My friends, gathering around the altar with Matthew and his family we are nourished by God’s Word and in the Bread of Life, the body and blood of Christ.  We receive nourishment just as Matthew did.  In turn he was able to nourish those around him: above all his family which meant everything to him.  He was proud of each and every one of his children and grandchildren always asking after them.  The picture on the table of mementos was taken on the occasion of the birth of the grandchild named after him thirteen years ago.  It is a beautiful picture with real joy on the faces of Matthew and Delia.  May that picture, with the joy it expresses, be our lasting memory of both Matthew and Delia.  May their souls and the souls of all the faithful departed through the mercy of God Rest In Peace.  Amen.

Prayer of the Faithful

recited by Matthew’s grandchildren Séan, James, Matthew, Clíona, Robert and Ailbhe.

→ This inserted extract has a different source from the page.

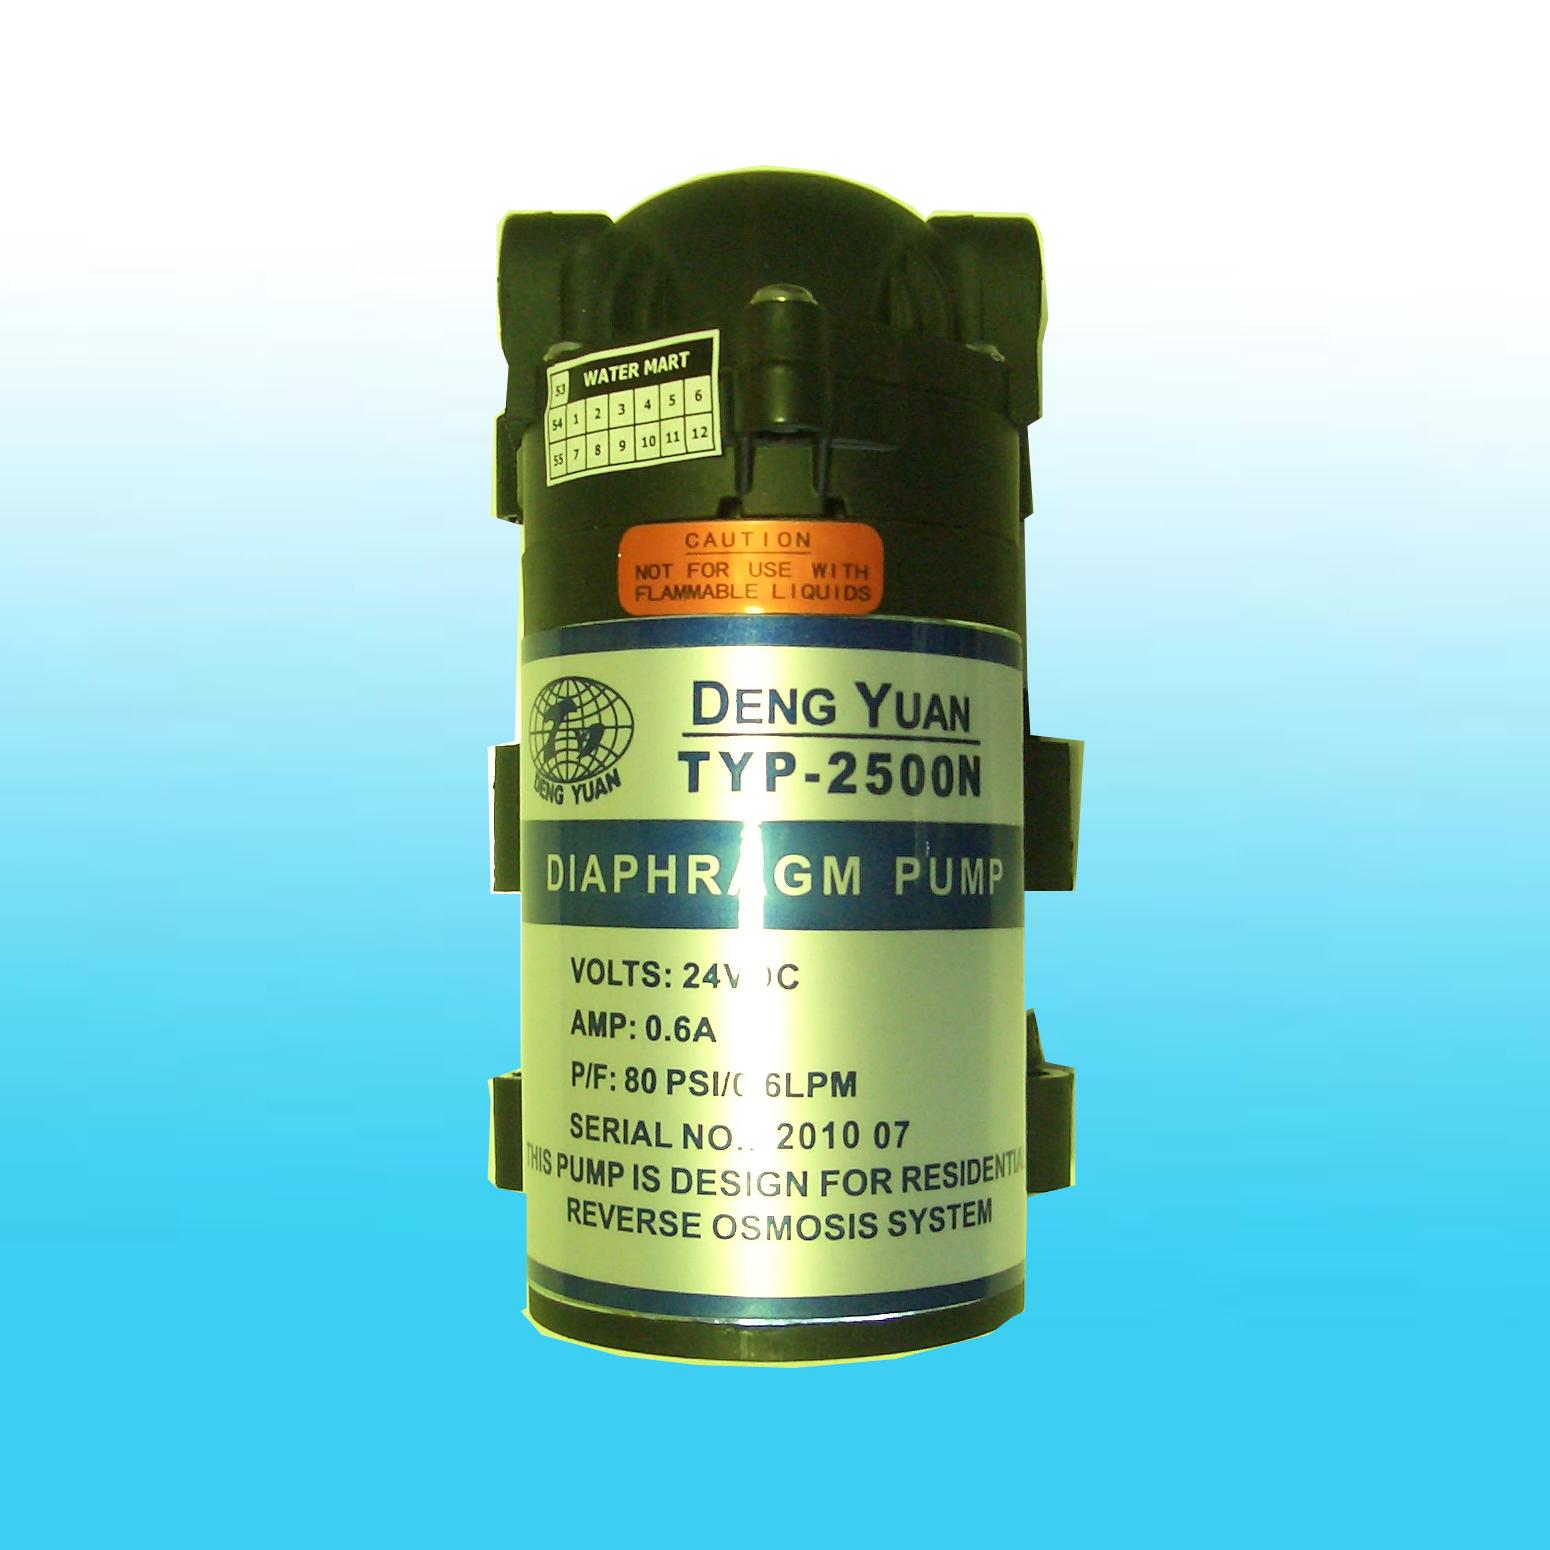 ปั๊มอัดเมมเบรน Pump DENG YUAN TYP2500N 50-75 GPD

  1. For the life of granddad Matthew we pray in thanksgiving, asking that he may now share eternal life in Heaven with granny Delia and their beloved Christine.  Lord hear us.
  2. In baptism, granddad Matthew received the light of Christ.  Scatter the darkness now and lead him over the waters of death.  Lord hear us.
  3. For the family and friends of granddad Matthew and granny Delia, that they may be consoled in their grief by the Lord who wept at the death of his friend Lazarus.  Lord hear us.
  4. For all of us gathered together in faith today, that we may all be reunited with our loved ones in Heaven.  Lord hear us.
  5. That those who bear the cross of pain in mind or body may never feel forsaken by God.  Lord hear us.
  6. That God will grant peace to all those who have died in the faith of Christ.  Lord hear us.

Offertory: Ag Críost an Síol


Be not Afraid.

Soul of my Saviour

I watch the Sunrise

Final commendation
Mass will conclude with the Final Prayers of Commendation and farewell.  This will involve Father McCarthy incensing the coffin and blessing with holy water during the final prayers.  The recessional hymn Nearer my God to thee will be played as Mr Healy’s remains are carried from the church.